Cycadales best flourished in Mesozoic. The Cycads resemble the ferns in their general habit, vascular anatomy, structure and venation of the leaves, occurrence of the sporangia in sori, structure of the microsporangia and multi-ciliate sperms. All the above mentioned characters and the structure of ovule, are common to the Cycadofilicales, Bennettitales and Cycadales.
Hence it is thought that three orders are closely related with each other and represent a distinct line of evolution reaching far back into the Palaeozoic. Cycas being the most primitive of living Cycadales, on account of its loose and fern like megasporophylls, stand nearest to the fossil seed plant line and therefore, the Cycas (cycads) is thought to be a ‘living fossil’.

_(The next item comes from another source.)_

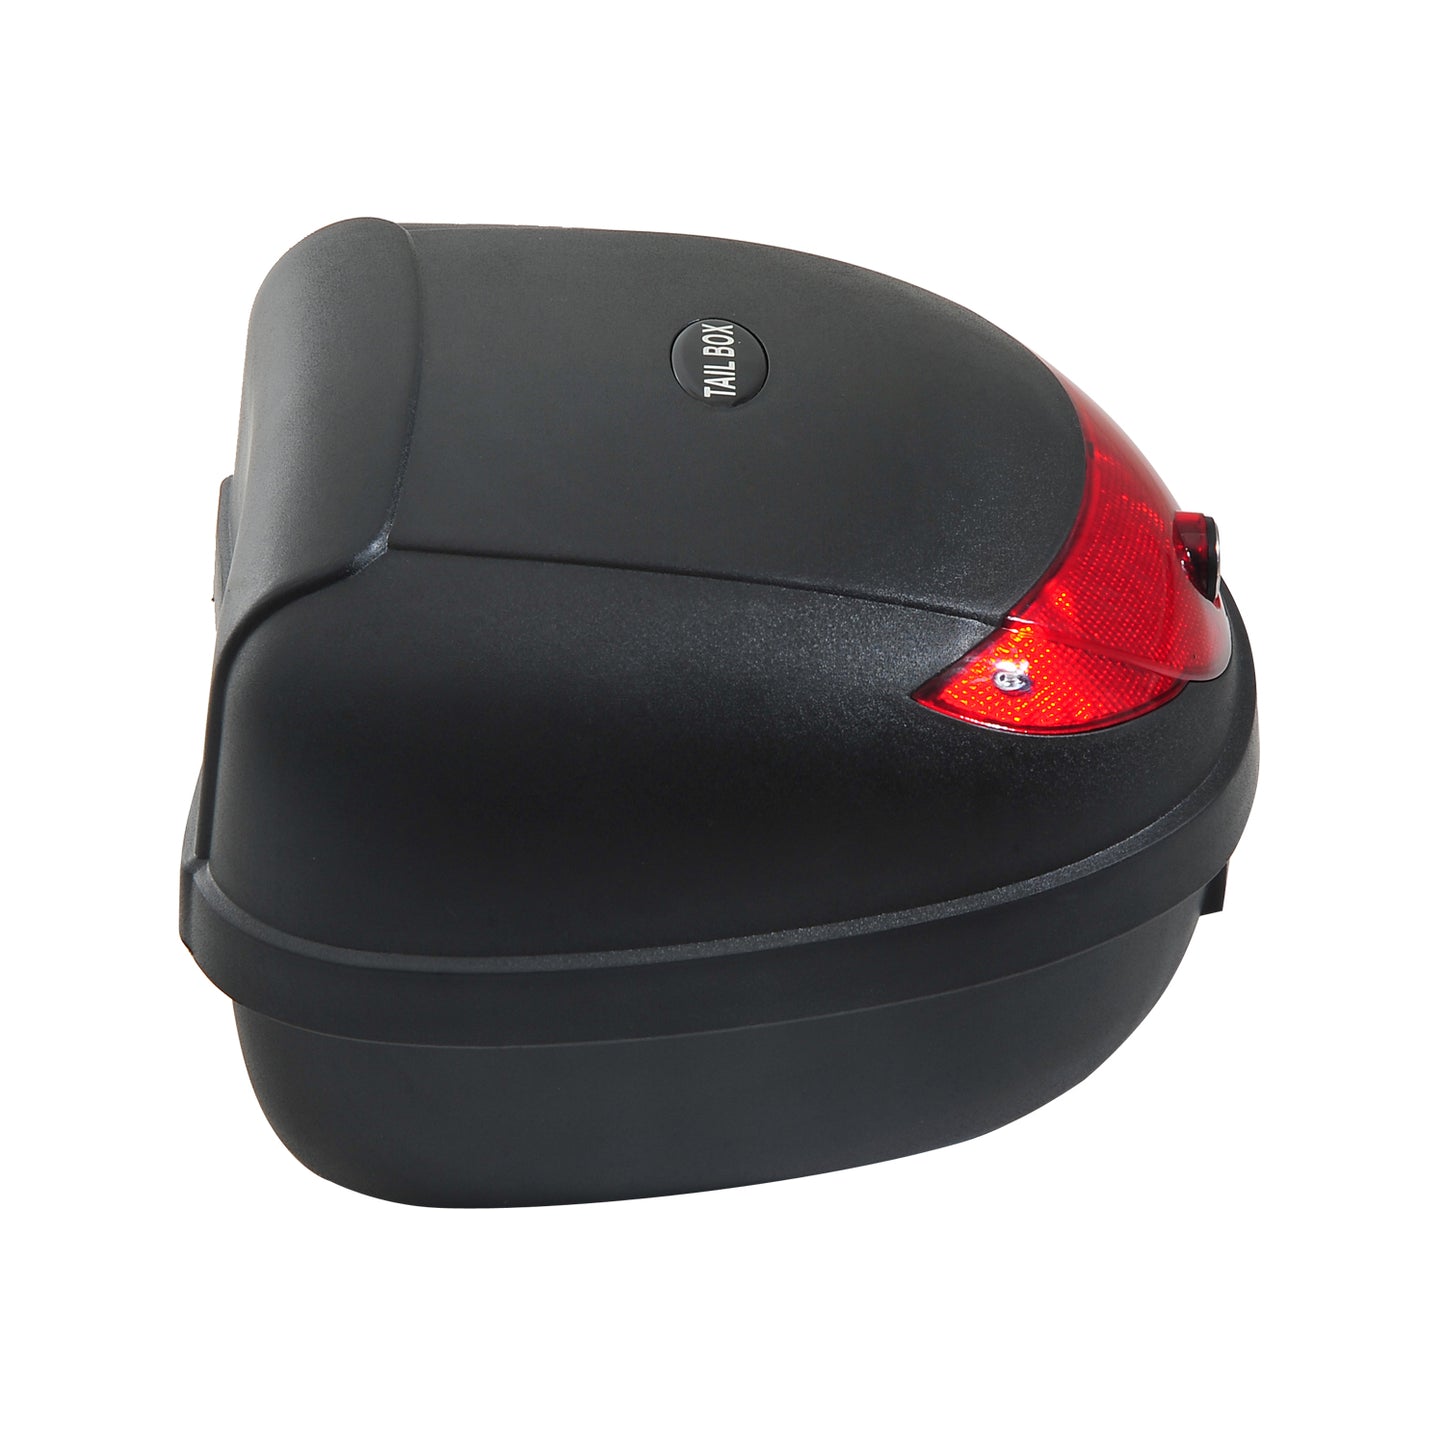 HOMCOM 24 L Motorcycle Luggage Case W/Reflectors-Black/Red

Economic Importance of Cycas:
The pith of Cycas revoluta yields sago and the fruits can be eaten, being rich in protein and soluble non-nitrogenous substances. In Europe, the leaves of Cycas revoluta after silvering and treatment in various ways are made into funeral wreaths, there the leaves are called ‘palm leaves’. The leaves of C. circinnalis are used in making mats in South India.
The young shoots of C. circinnalis are eaten, and sago is also obtained from the trunk.
For obtaining the sago, the trunk is cut into disks which when dry are pounded into flour and thereafter thrown into water where the starch settles down. The large fruits of C. circinnalis yield annually about the same quantity of starch. The hill tribes of Assam eat the seeds and tender fleshy shoots of Cycas pectinata.
The fleshy stem of C. pectinata is pounded and used as a hair wash for diseased root hair. The sago is also extracted from the trunk of Cycas rumphii. The cooked fruits of C. rumphii are eaten by Andamanese tribes while the uncooked fruits are poisonous.